How are chunks stored on disk?


#1

Hello,

I have been studying the literature behind SciDB during the last days and there is one thing that I haven’t been able to clarify yet. I can understand that arrays are split into chunks (either regular or irregular) and that irregular chunks can be additionally divided into (regular) tiles.

I can also understand how SciDB’s catalog can point the query execution engine to the right chunks by keeping track of the dimension instance ranges for every one of them.

What I don’t understand is: how are the chunks are stored on the disk?. Specifically, how are the cells stored. I took a look at the codebase and the only thing that I could understand is that the payload is of course Run-Length Encoded, but couldn’t understand much more about the structure of how the cells are stored inside each specific chunk.

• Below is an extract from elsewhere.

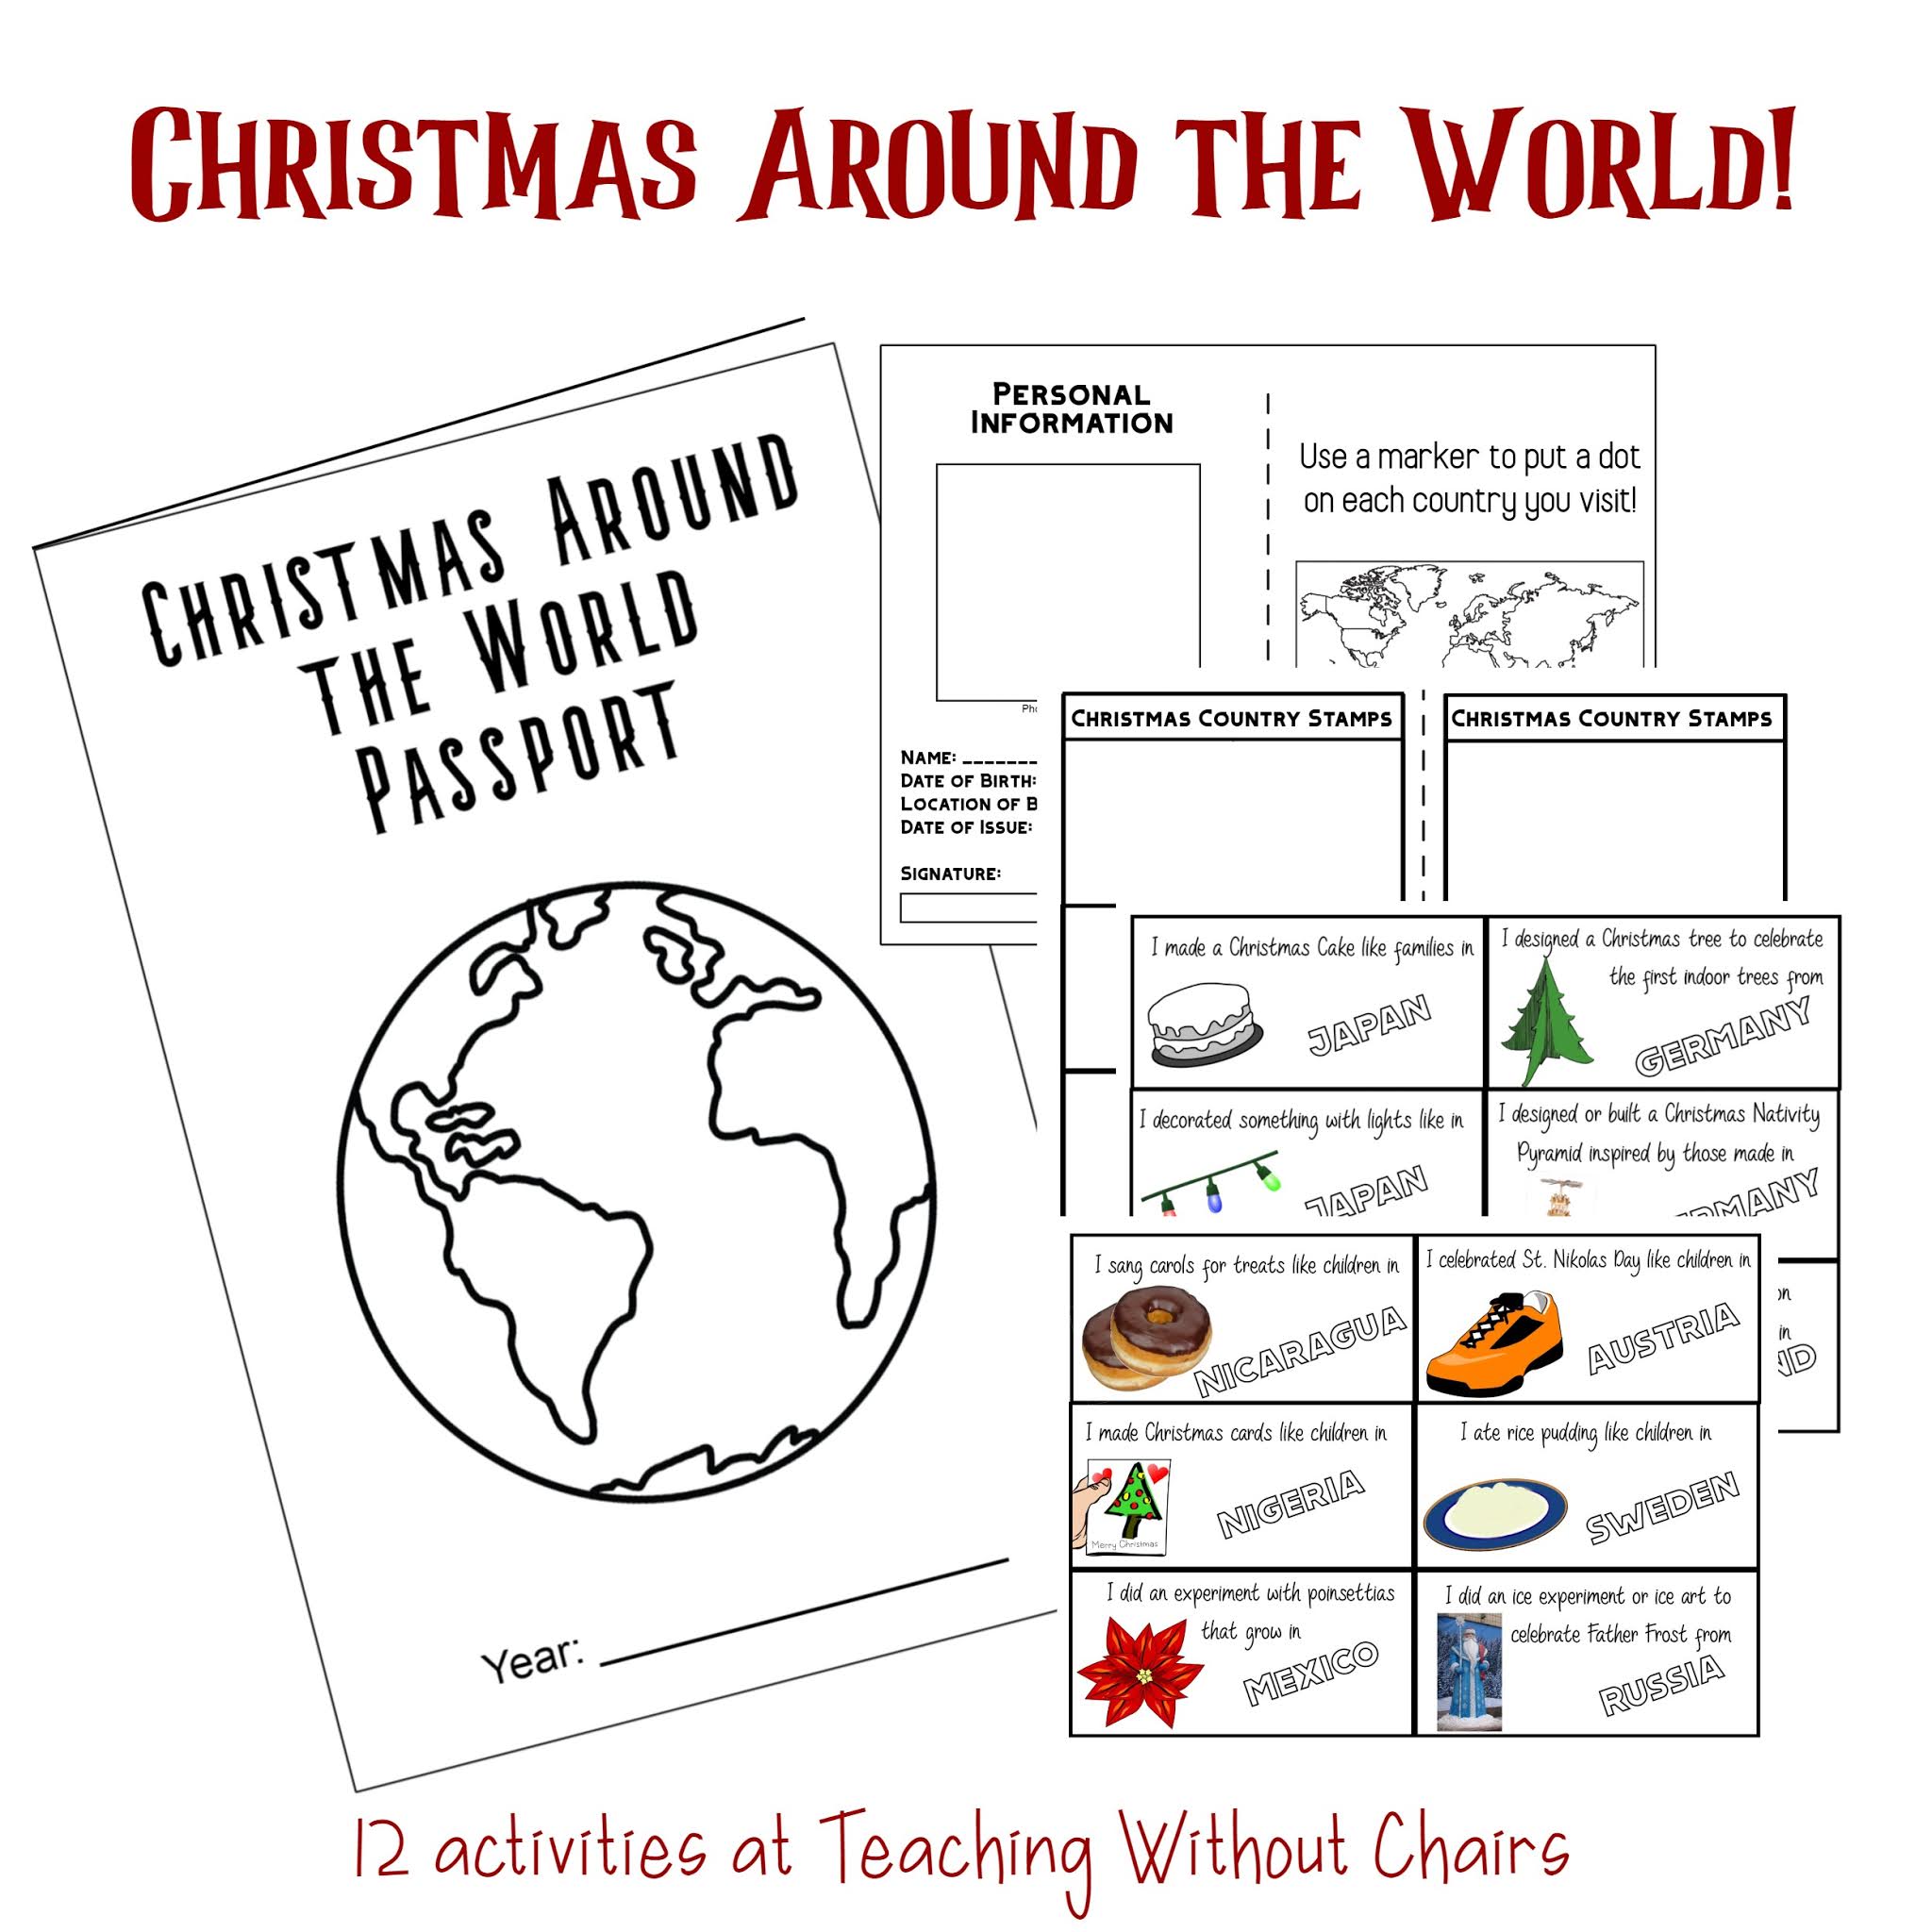 christmas-around-the-world-for-kids-activities-homeschooling-fun-through-the-holidays

I’ve read in one of your publications that “for sparse arrays, only non-null cells are stored inside chunks and their order is arbitrary.” [Soroush2011]

For example, let’s say that the iterator returns a chunk, and I want to perform a join with another chunk. How do I align all the cells, if the dimension values are random?
Do I have to perform a loop over all the the cells of the other chunk for each cell?

What I want to ask is, does SciDB also store dimension identifiers with the value itself for every cell, or are the dimensions indexed or ordered somehow within each chunk?

Thank you very very much!!


#2

For a ConstChunkIterator, SciDB 14.8 have APIs operator++(), getPosition(), and getData()/getItem(), to iterate through all non-empty cells. Those should be enough for you to walk through the data sequentially. In case you want to join two chunks, and the use case is that given a cell position in one chunk you calculated a cell position in the other chunk and want to directly jump to it, you may call setPosition().

You are right in that chunks are stored in Run-length encoding. You should never need to get inside the storage format of the chunks. But if you realy want to know, see RLE.h and RLE.cpp – very complicated though.